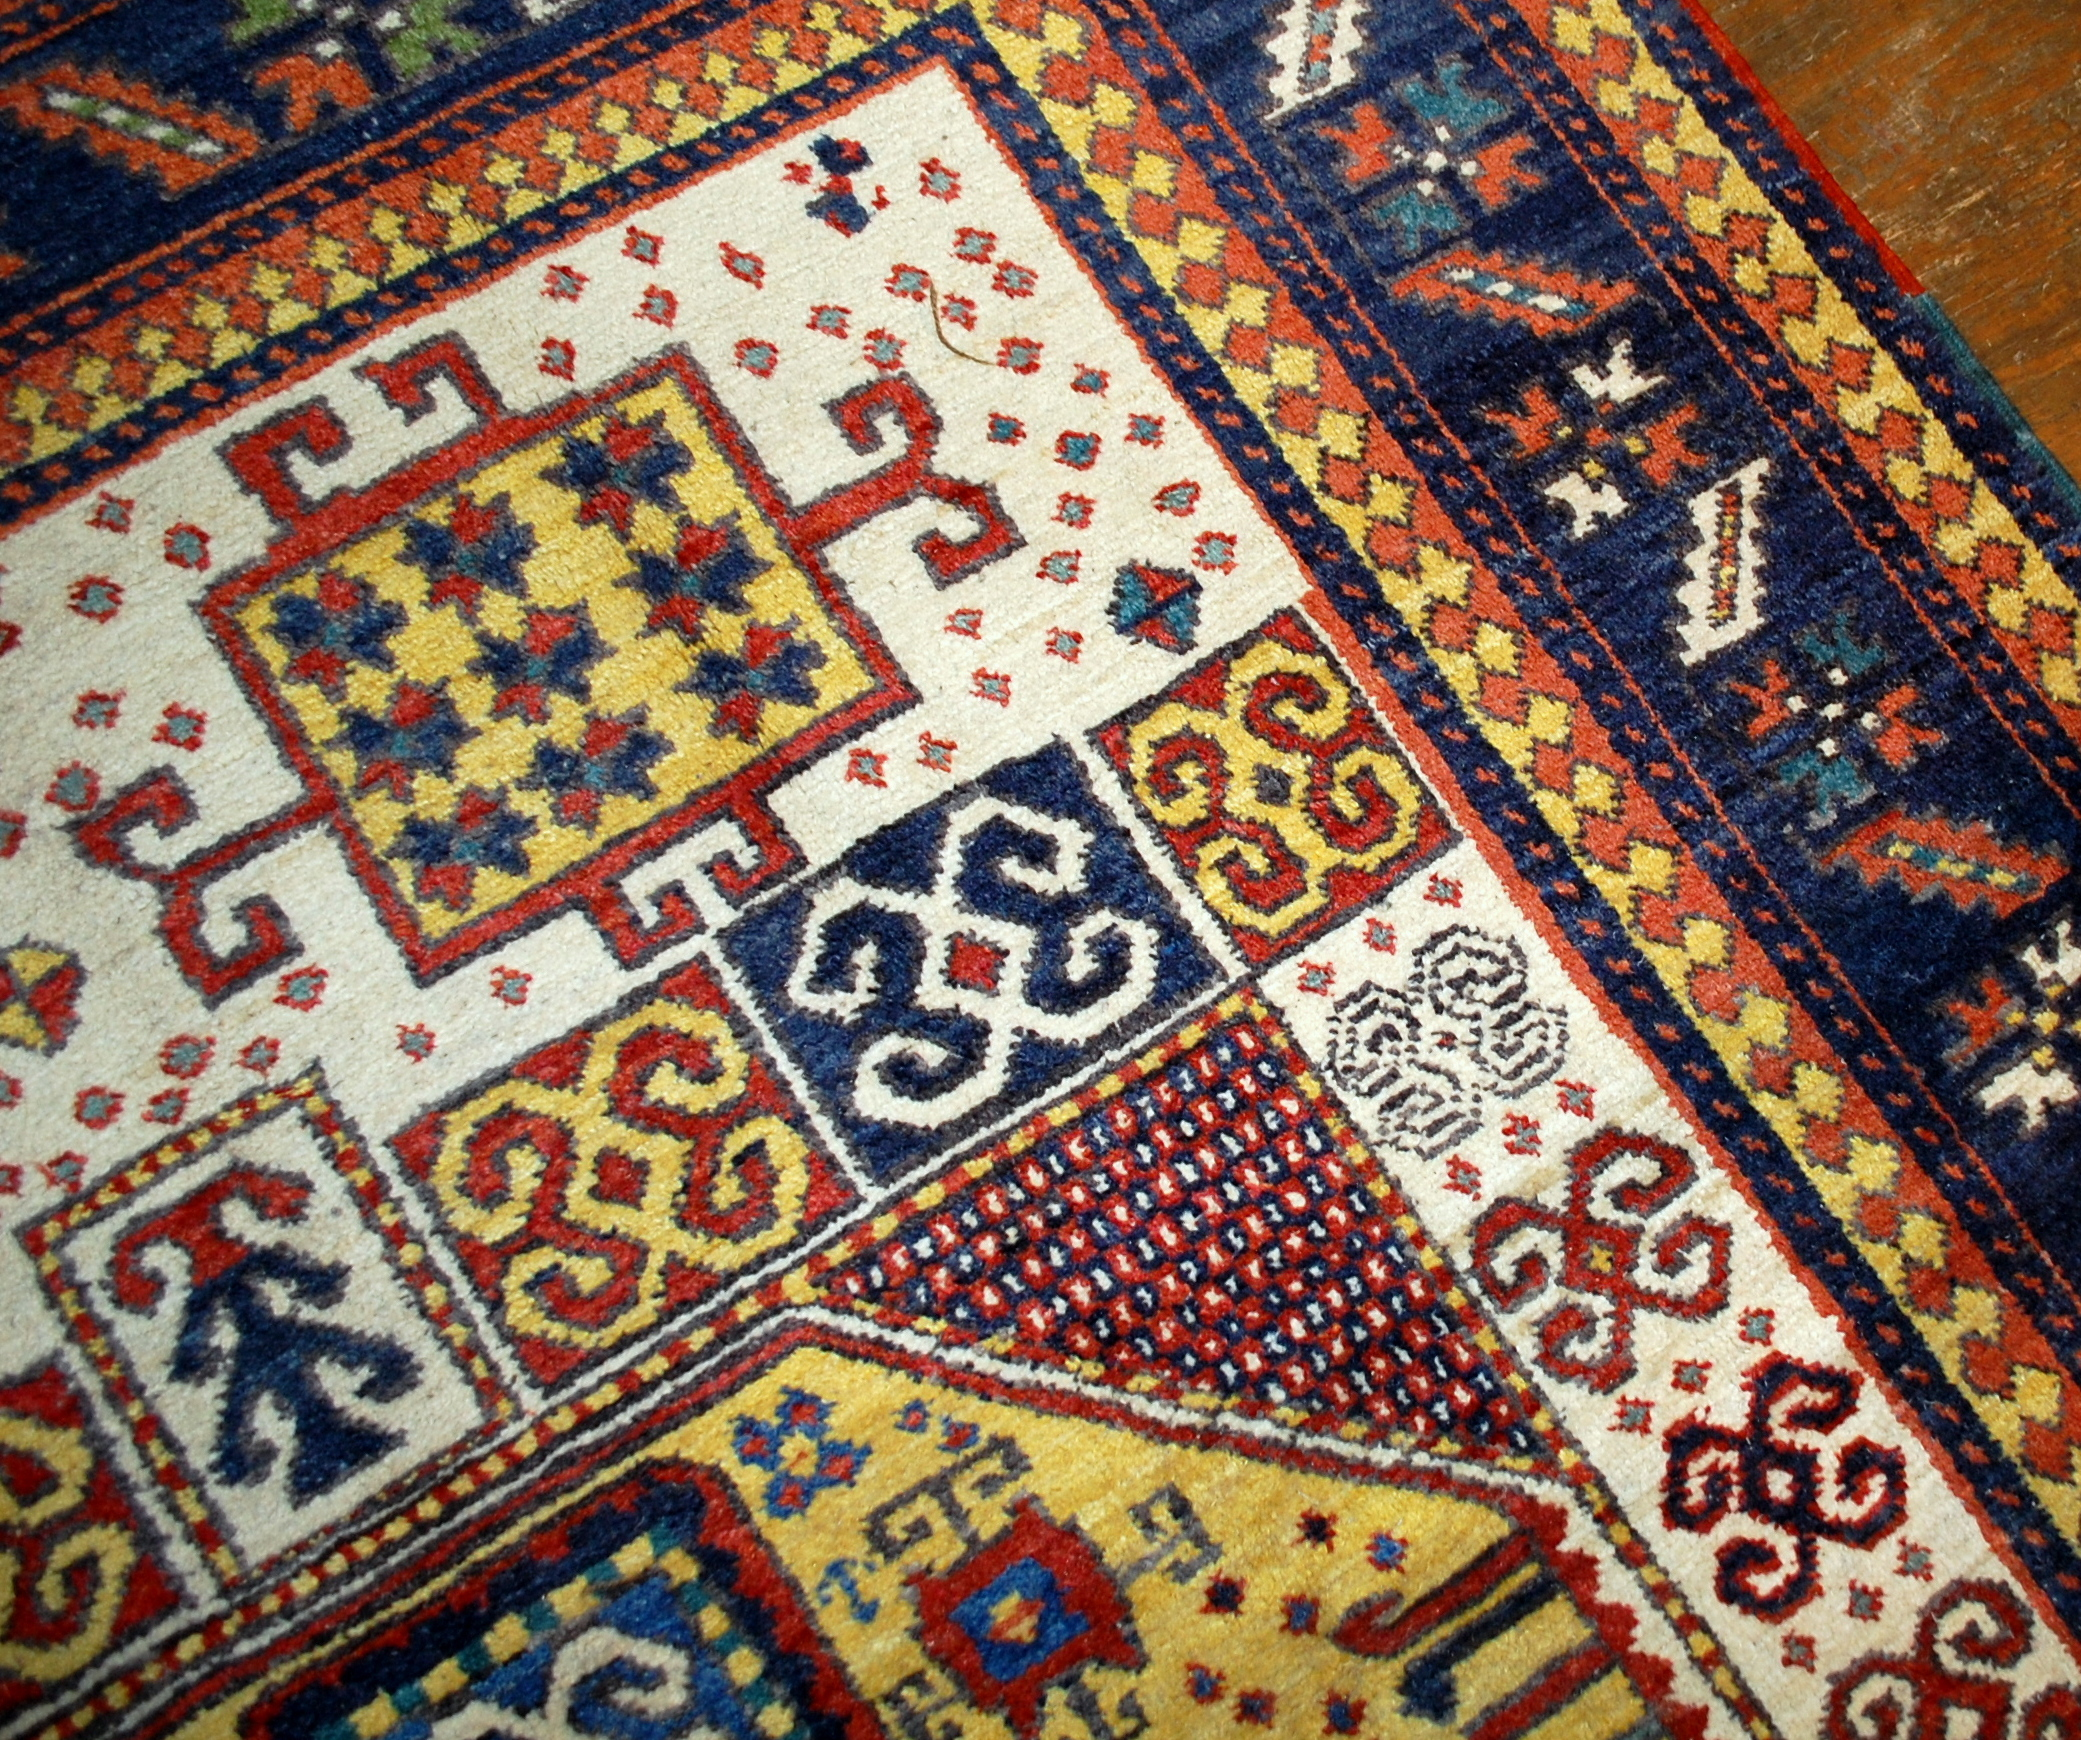 Handmade antique Caucasian Kazak Karachov rug 5.9' x 7.9' ( 180cm x 241cm ) 1940
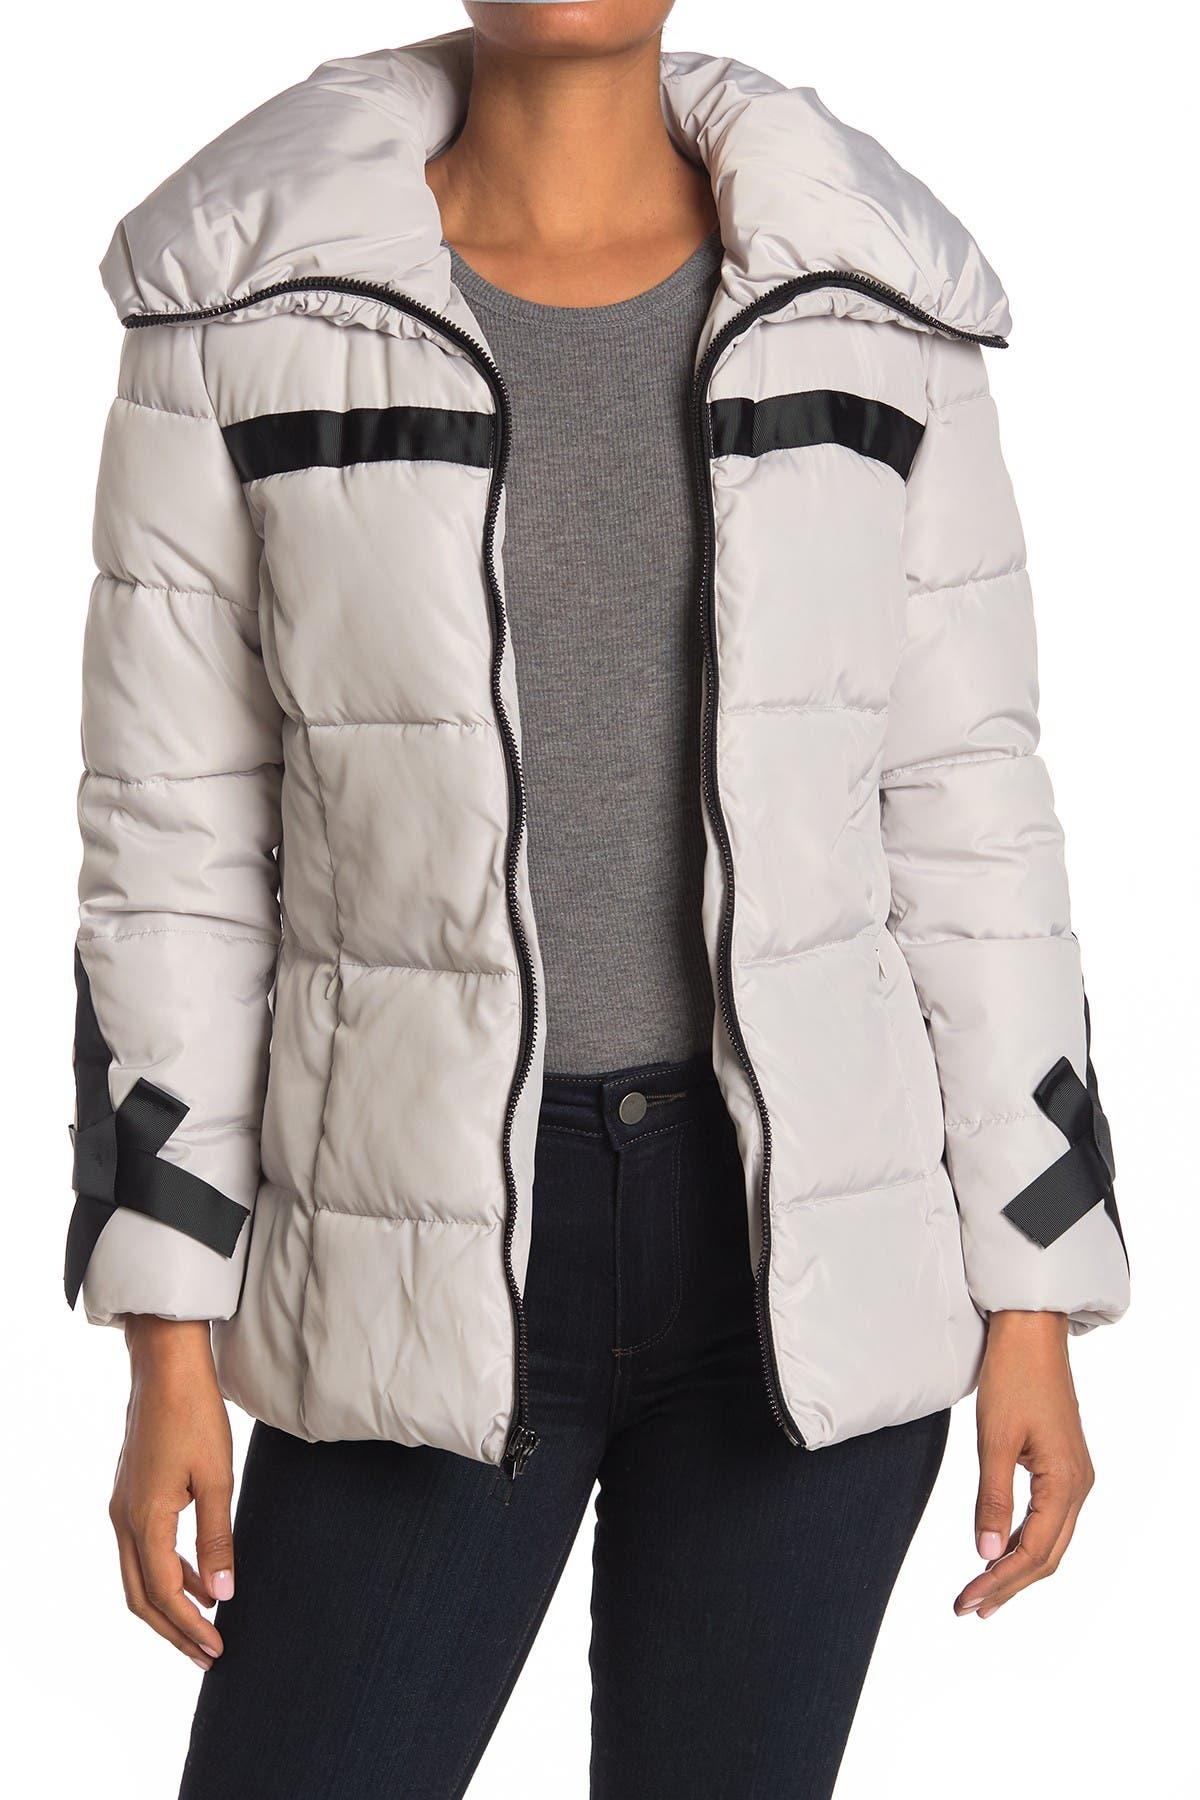 Karl Lagerfeld Paris Zip Puffer Jacket
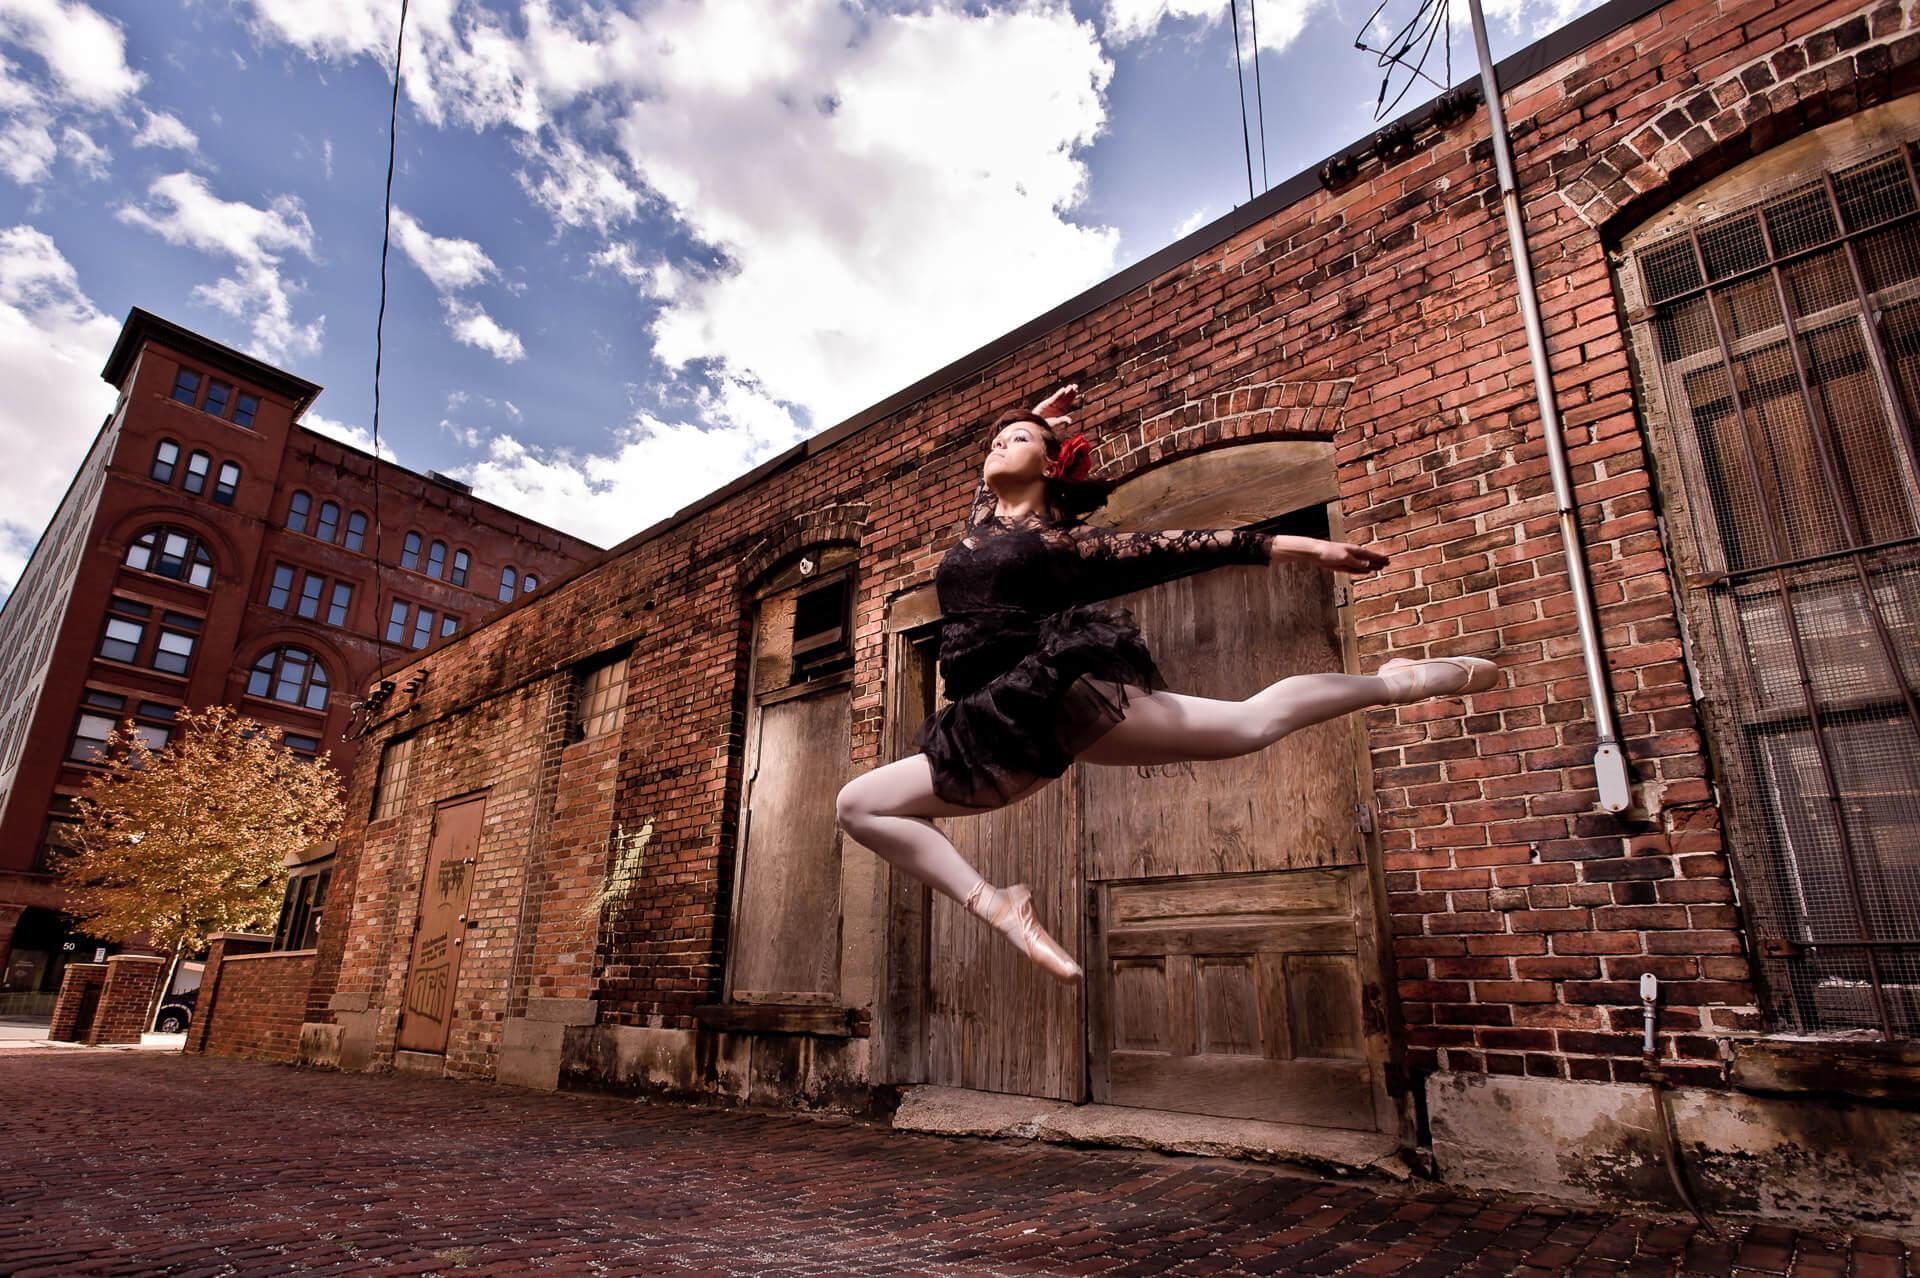 High school ballerina leaps in downtown Grand Rapids senior portrait photography

--*--

▶ _Task brief_
Copy out every line of the material above exactly, skipping the pictures.

▶ _Response_
 Handmade antique Caucasian Kazak Karachov rug 5.9' x 7.9' ( 180cm x 241cm ) 1940
 Karl Lagerfeld Paris Zip Puffer Jacket
 High school ballerina leaps in downtown Grand Rapids senior portrait photography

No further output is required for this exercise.